REVIEW: TRACES OF ABSENCE BY SUSAN HOLOUBEK

TRACES OF ABSENCE

Author: Susan Holoubek
Macmillan Australia RRP $29.99
Review: Monique Mulligan 

Traces of Absence

An emotional and gripping novel, Traces of Absence is the debut from Susan Holoubek … and boy, is it a stunner. It’s so much more than a story of a mother searching for her missing daughter; instead, it explores mother guilt, spiritual guilt, complex mother-daughter relationships against a simmering backdrop of violence, cultural expectations and corruption. Reading this book takes you into the heart of a mother’s quest, but it also takes you into your heart to examine your thoughts on the issues raised.

She would like to believe she had created such a legacy of love for her own children, but her belief faltered around that question. She could not find herself in Alicia’s description of motherhood. She could only find more traces of absence.

Sometimes the death of someone can bring the ones left behind closer together. Sometimes the opposite is the case. Dee, whose relationship with her daughter Corrie has always been strained, finds that when her husband dies suddenly the distance between her and Corrie is further than ever. When she suggests Corrie take a gap year in Argentina, it seems like the perfect solution. Perhaps some time apart will bridge the ever-widening gap in their relationship. When Corrie goes missing in Argentina, Dee faces every mother’s worst nightmare. Has she lost her child for ever? Boarding a plane, she launches a frantic search with the help of police and Australian embassy staff. When it appears that Corrie may be another statistic, Dee refuses to give up and returns to Buenos Aires each year to keep the search alive.

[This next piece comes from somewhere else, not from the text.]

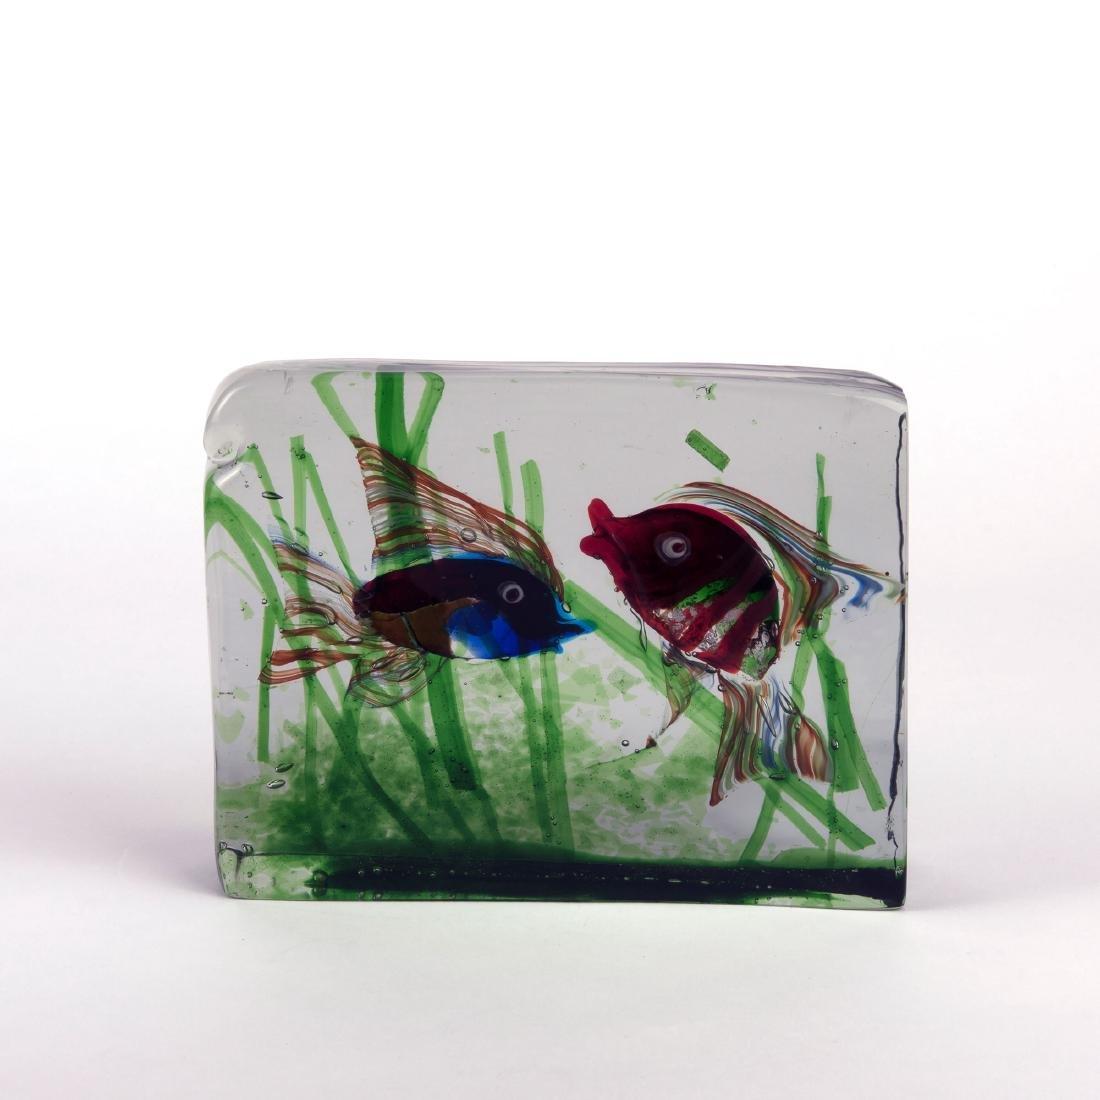 Aquarium, c1960 - 2

Four years after Corrie’s disappearance, Dee returns for what she accepts may be the last time, but a chance lead takes her on another path towards finding out what happened to Corrie. This time, the embassy is not involved and Dee is forced to rely on the help of friends and strangers to navigate a city by turns exciting and dangerous. The fear that Dee feels for her safety is overshadowed by her fear for her daughter and a deeper fear that she’s somehow responsible. Did she fail her daughter? Is she now failing her sons by leaving them behind to search for Corrie? And if she doesn’t find Corrie, is Dee ever allowed to feel happy again? Does she deserve the kindness and/or love of others?

The ballast of her life had blown away leaving her with a disorienting, but not entirely unpleasant, sense of weightlessness.

Dee’s journey to Argentina is symbolic of her emotional journey both as a mother and a woman. She is travelling great distance to bridge a great emotional distance between herself and her missing daughter, as well as reconcile with herself. In the same way, the violent and edgy background of Buenos Aires’ poorer neighbourhoods, brimming with anger and resentment, evokes the quality of the relationship between Dee and Corrie.

Dee’s life, by comparison, was a wearying blur of relentless endeavour in the quest for some elusive and undefined expression of perfection, a manic careering across many fronts to stave off multiple possibilities of humiliating failure.

Aside from the mother-guilt and parenting themes, redemption and grace are major theme. Holoubek addresses this beautifully using the Church as both a positive and negative role model. Dee, a lapsed Catholic, finds a new friend in Stephen, a gay priest; through Stephen the negative is highlighted as he deals with the Church’s expectation that he admit to being a “defective heterosexual” and undergo re-education or be stripped of his Holy Orders. It is also through Stephen, and the Sisters of Mercy who are of great help to Dee, that the positive is highlighted and the lessons of redemption and grace are beautifully shared. I love when Sister Catalina asks Dee matter-of-factly: ‘Who told you that you had to do things to earn love?’. That question stopped my reading for a moment as I absorbed its deeper, personal implications. And later, when Stephen, despite his own struggles, says that often people’s expectations of God as a being who wishes ill will on humanity can lead to self-fulfilling prophecies … loved how he could believe in a God of grace and redemption despite his own Church’s judgment of him. That’s the kind of God I want to believe in.

Wise, thoughtful and beautifully written, I loved Traces of Absence. It resonated with me on a number of levels and left me feeling that I’d read something really special. Even if you’re not a mother, if you struggle with guilt there’s a fantastic message in here about kindness towards others, but also towards yourself.

Available from good bookstores and Pan Macmillan Australia. This copy was courtesy of Pan Macmillan.

Bookish treat: Alfajores, a sweet Argentinian biscuit, are mentioned a number of times through the novel – Dee suspects they never get through customs because the customs officers want them. They sound delish!